Last May Johan Norberg wrote a devastating critique of Naomi Klein's book The Shock Doctrine: The Rise of Disaster Capitalism. (Watch him talk about it here.) In his paper, "The Klein Doctrine: The Rise of Disaster Polemics," he took her book apart:
The Shock Doctrine purports to be an exposé of the ruthless nature of free-market capitalism and its chief recent exponent, Milton Friedman. Klein argues that capitalism goes hand in hand with dictatorship and brutality and that dictators and other unscrupulous political figures take advantage of "shocks"—catastrophes real or manufactured—to consolidate their power and implement unpopular market reforms. ... Klein's analysis is hopelessly flawed at virtually every level. Friedman's own words reveal him to be an advocate of peace, democracy, and individual rights. He argued that gradual economic reforms were often preferable to swift ones and that the public should be fully informed about them, the better to prepare themselves in advance. Further, Friedman condemned the Pinochet regime and opposed the war in Iraq. Klein's historical examples also fall apart under scrutiny. For example, Klein alleges that the Tiananmen Square crackdown was intended to crush opposition to pro-market reforms, when in fact it caused liberalization to stall for years. She also argues that Thatcher used the Falklands War as cover for her unpopular economic policies, when actually those economic policies and their results enjoyed strong public support. Klein's broader empirical claims fare no better. Surveys of political and economic freedom reveal that the less politically free regimes tend to resist market liberalization, while those states with greater political freedom tend to pursue economic freedom as well.

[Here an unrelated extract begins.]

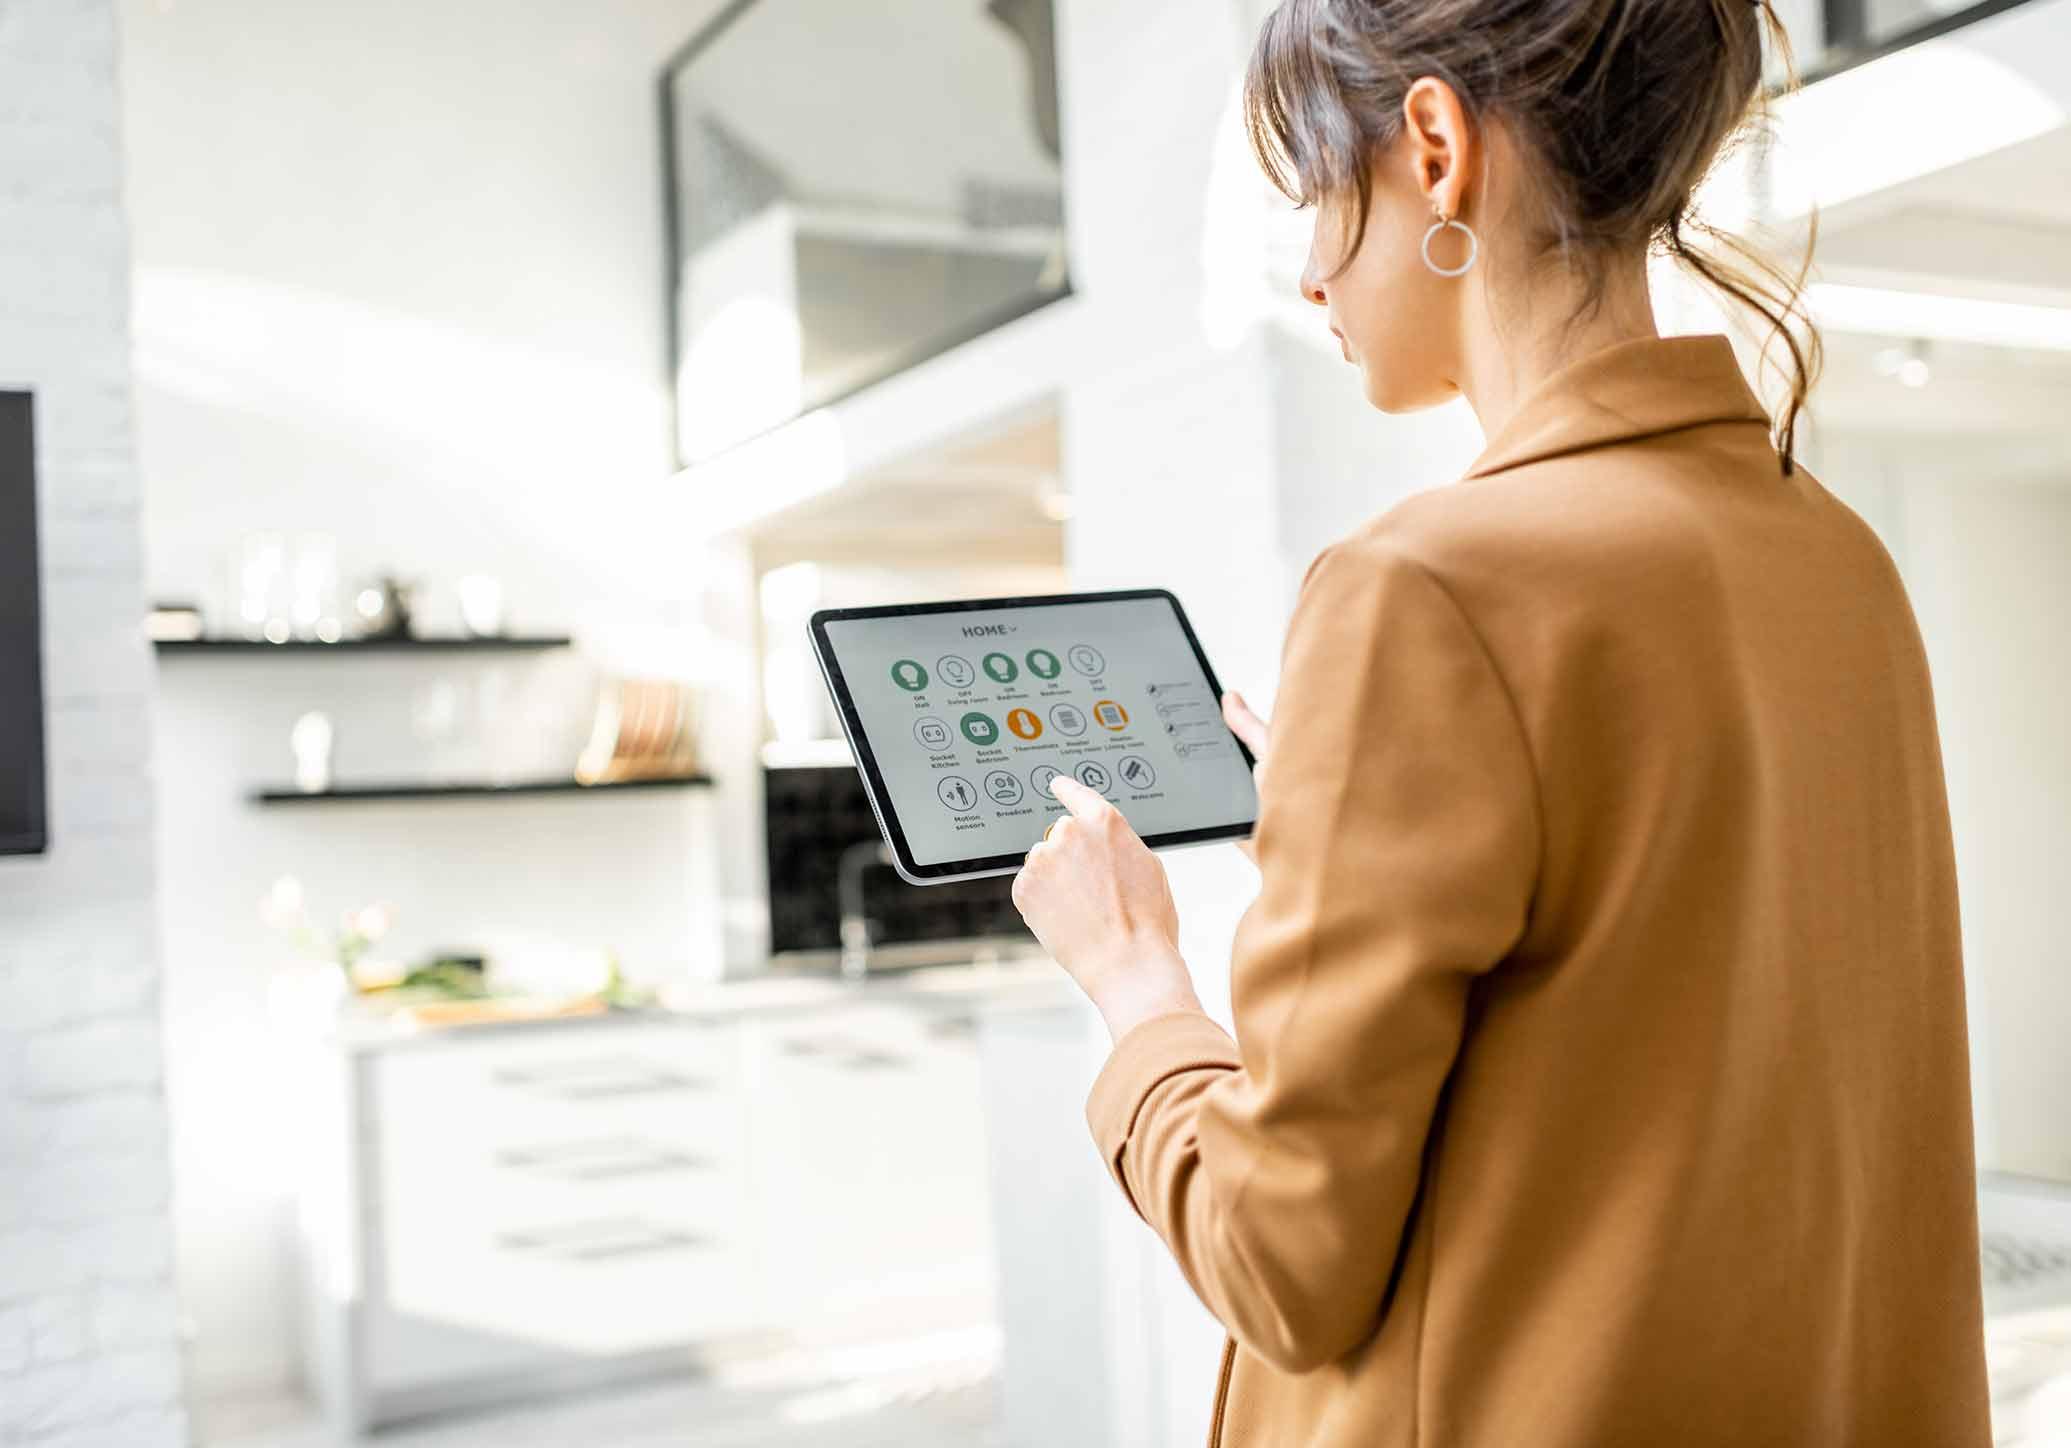 Casa inteligente: 9 dispositivos para poupar energia

Now Naomi Klein has responded to Norberg's critique. (Though she can't bring herself to name him. No point in giving your critic free advertising, calculates the author of No Logo. Norberg muses, "I think it’s because it sounds more David-and-Goliath if she is not criticised by a young Swede, but by 'The Cato Institute.'") And Norberg has fired back with another refutation. This time, he finds,

Her response is selective, includes new mistakes, and backs away from some of the claims that she has made without acknowledging it. ...she also has nothing to say about the fact that all of her central claims are under attack

From describing Friedman--and Cato!--as neoconservatives, to slyly implying that Friedman supported land theft in Sri Lanka, to juggling statistics and years, Klein is once again revealed to be building a shocking indictment on a foundation of sand. For a book on globalization that makes sense, skip Naomi Klein and read Johan Norberg's In Defense of Global Capitalism.